Hidden pitfalls of comparing strings in Java
I’ve been learning some Java to get into Android coding. It is certainly more verbose compared to Ruby. As a simple example (which will lead me into the topic at hand), let’s say I have a variable calledword with the string “widget” stored. If I want just the first letter of the word:
# Ruby
word[0]
// Java
word.substring(0,1);
What’s more, the Ruby method above returns a normal String object that can be acted on like any other string.

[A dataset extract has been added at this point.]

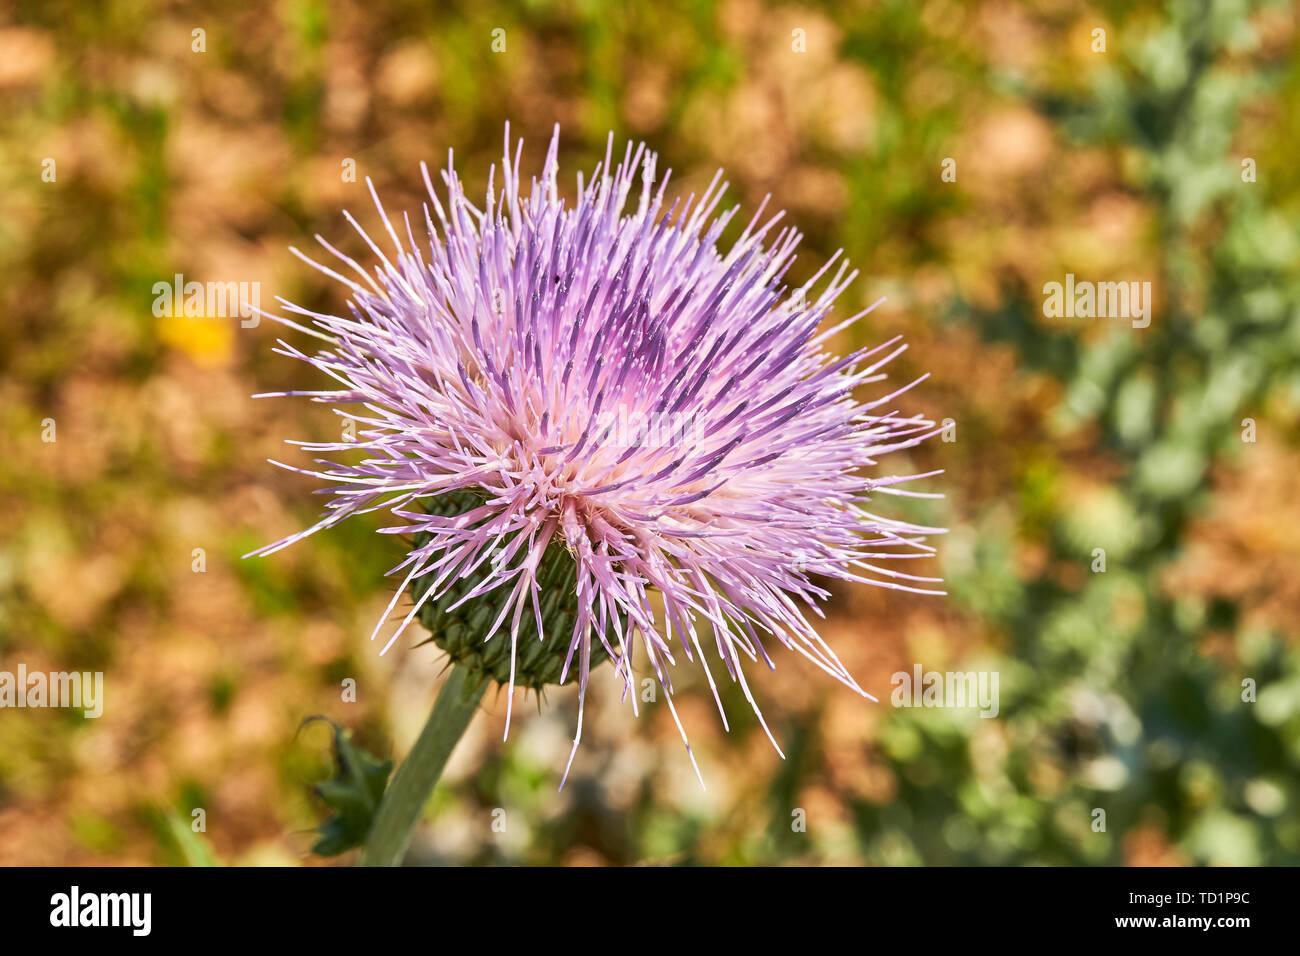 close-up-macro-of-isolated-beautiful-pink-texas-thistle-bloom-cirsium-texanum

So, if in Ruby I wanted to check if the first letter in the word was “w”:
# Ruby
word[0] == "w"
Based on that, I figured I could do something similar in Java:
// Java
word.substring(0,1) == "w";
Fail! And it’s the worst kind of fail - it doesn’t even give an error! It just returns
false, even though I know that word.substring(0,1) will return “w”.When I tried a few combinations of things in
javarepl, I got some interesting results:
String letter = word.substring(0,1);
letter == "w";
// ERROR: illegal start of expression
// = "w";
// ^
and
"w" == "w"
// java.lang.Boolean res9 = true
but
word.substring(0,1) == "w";
// java.lang.Boolean res10 = false
Really strange. My guess is that in the first example, it’s trying to assign “w” even though I’m attempting to use the equality operator. But if that’s true, I have no idea why it’s doing what it’s doing in the other two.
Just for posterity, the way to get the third example to return
true like it should is to use the equals method:
word.substring(0,1).equals("w");
// java.lang.Boolean res11 = true